History doesn’t repeat itself, but in our dispute over immigrants in the country illegally and our predecessors’ dispute over fugitive slaves, it takes no leap of logic or imagination to find the rhymes. Now, as then, one part of the country (President Trump’s disproportionately rural, white nationalist base) has enlisted federal power to enforce a legal regime in a different part of the country (racially diverse, immigrant-heavy cities) that views the law as morally repulsive and destructive of the social fabric.

Just as the slave catchers argued, speciously, that freed Negroes imperiled the antebellum North, today’s anti-immigrant forces, beginning with Trump, argue that immigrants pose a threat to public safety, though crime has fallen precipitously during the past quarter-century.

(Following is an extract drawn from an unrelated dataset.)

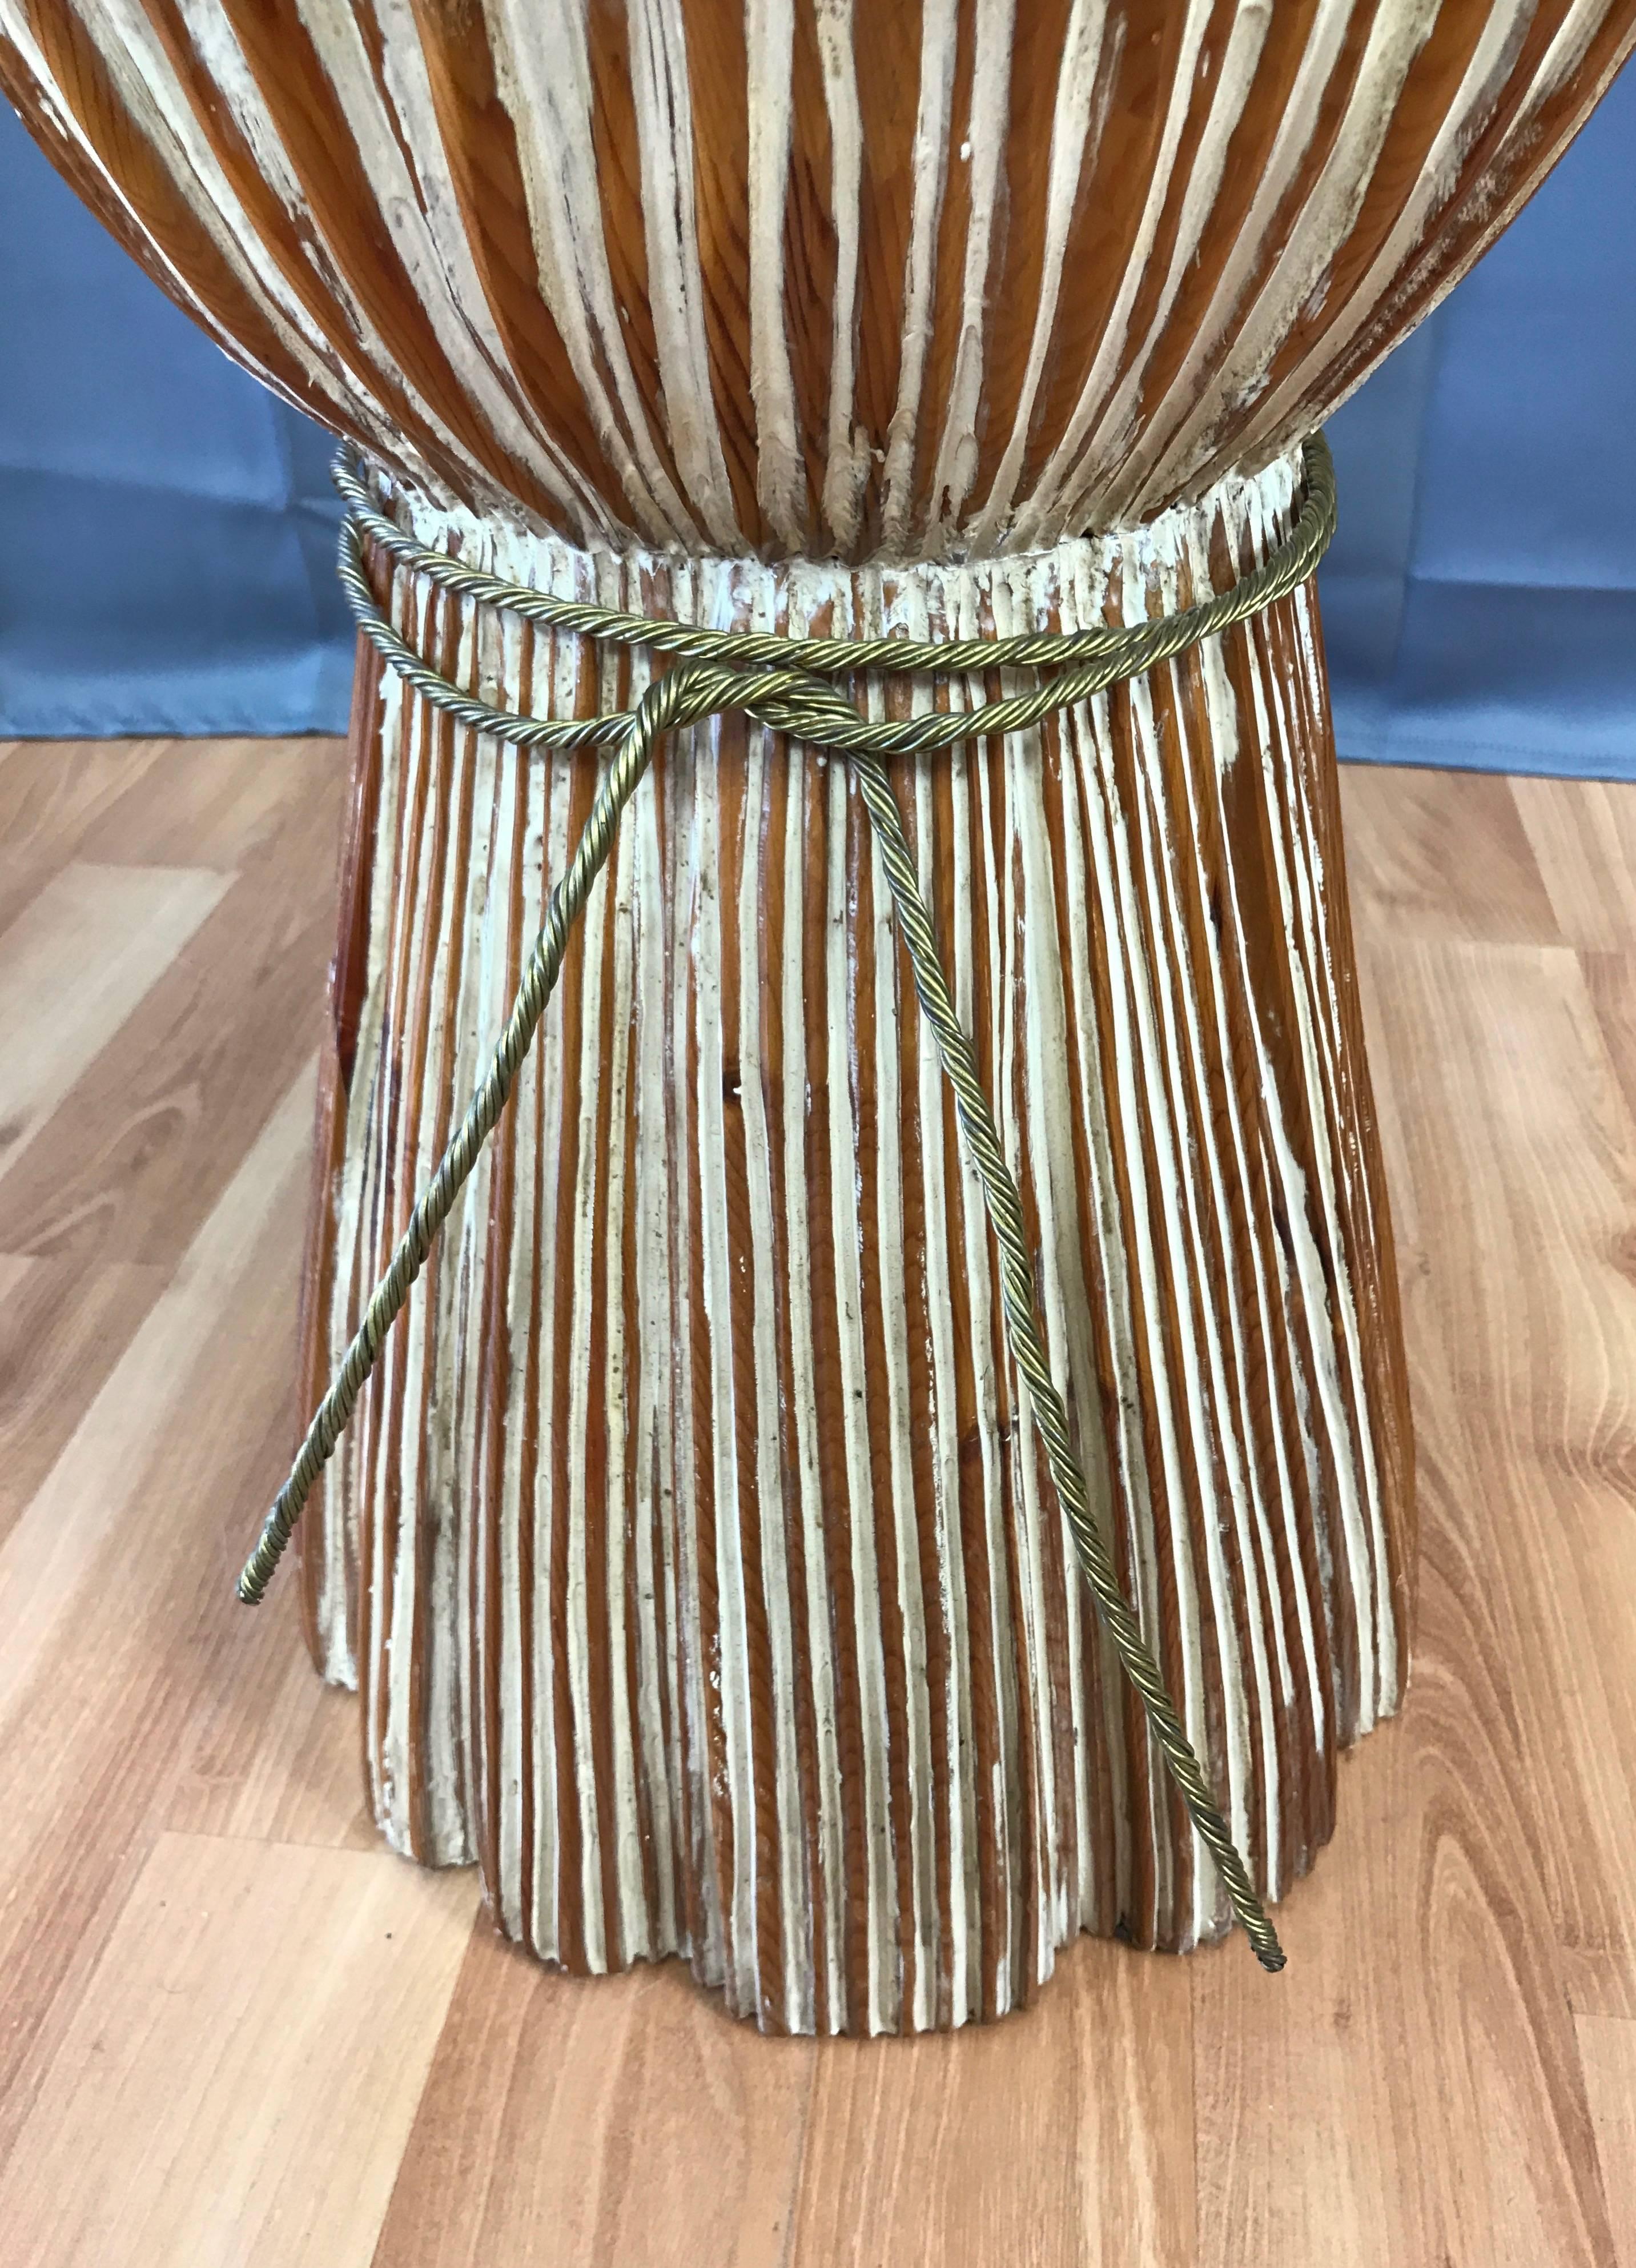 Sculptural Carved Wood Wheat Sheaf Table with Glass Top For Sale 1

The only “crime” that most undocumented immigrants have committed — and the only one that places them in federal legal jeopardy — is that of being undocumented. Likewise, the only “crime” that most escaped slaves had committed — and the only one that placed them in federal legal jeopardy — was escaping.

Meyerson suggested at the time that there should be civil disobedience to protect undocumented immigrants, even sit-ins at ICE offices. I haven’t heard word of anything like that. I suppose everyone’s waiting to see what actually happens.

Trump said this morning that all undocumented people, not just criminals, have to be deported. And he also said that their American children will have to go with them because he “doesn’t want to break up families.” He did seem to make some exception for DREAMers, saying that he’ll talk to the Democrats about that. (I’m sure that just about putting together some proposal with a heinous poison pill the Dems can’t vote for so they can blame them for refusing to help the DREAMers.)

He once again declared that there will be a moment when a “beautiful young woman is being dragged out crying” and everyone will be upset but “we have to do it.” I think he’s looking forward to it.